Internal communication

Atlantic article about bias: "Suggest you don't share"

Amnesty International
·
Silencing & Self-Censorship

In March 2025, the Atlantic published the "The Double Standard in the Human Rights World," an extensive article that showed how major human-rights organizations—especially Amnesty, HRW, and MSF—had drifted from their stated principles of impartiality and universalism and become stridently and disproportionately focused on Israel, often using activist framing, downplaying Hamas’s crimes, and adopting narratives that treat Israeli suffering as politically inconvenient. It also described how this has created internal fractures, including alienation of Jewish staff and longtime human-rights advocates, and how credibility is damaged when groups repeat misinformation. Following the claimed methodology of "human rights" organizations themselves, it included extensive reporting, and first-person insider testimony.

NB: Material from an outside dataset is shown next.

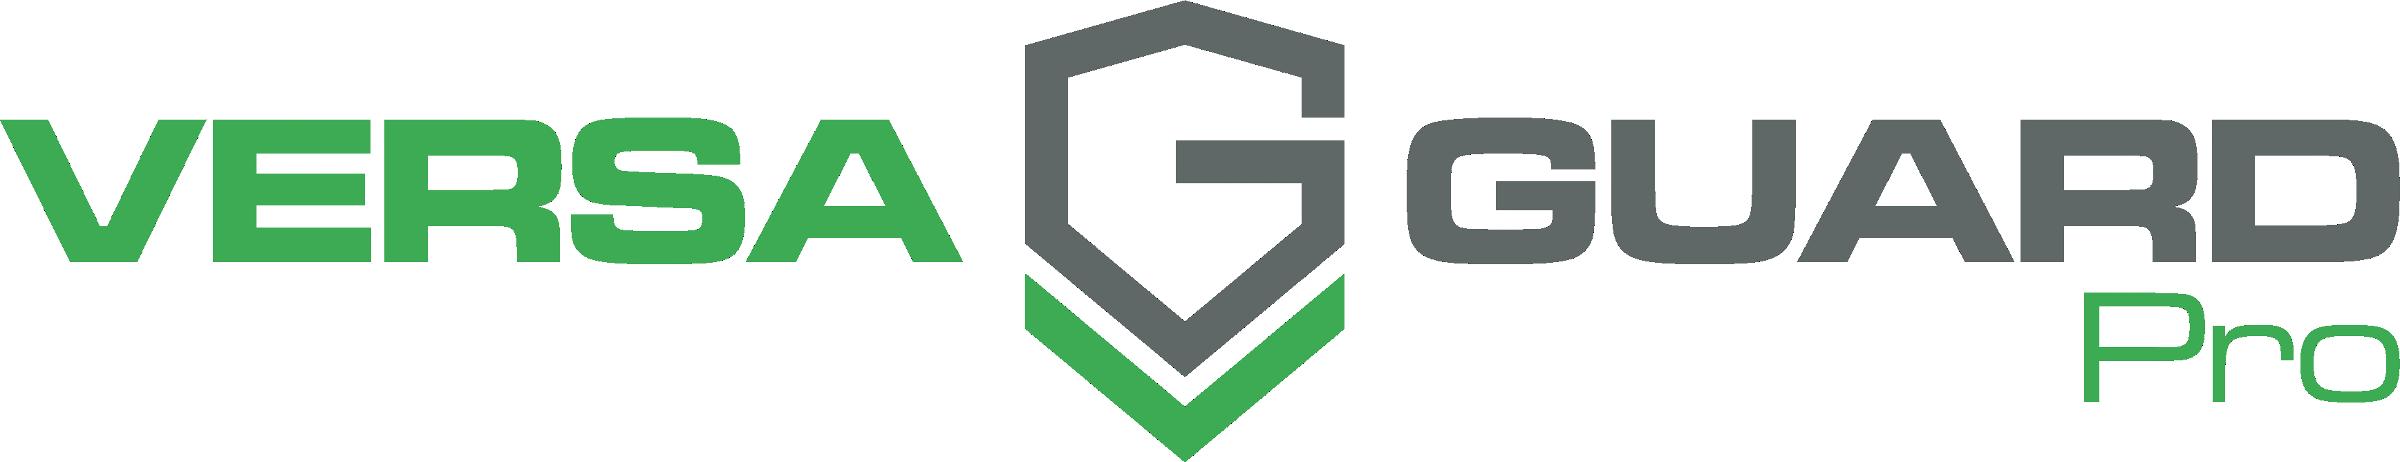 VersaGuard Pro logo

The response of the organizations themselves? Denial, silence, and zero follow-up or internal concern related to the issues raised. In fact, senior staff - including Paul O'Brien, Executive Director of Amnesty International USA, encouraged colleagues to bury the piece: "I ask that you please refrain from engaging on social media around this, and I suggest that you do not share the article further, to reduce amplification." He expressed sympathy not for those whose experiences were outlined in the piece, but those "who may feel impacted by this piece" and "on the receiving end of this kind of story."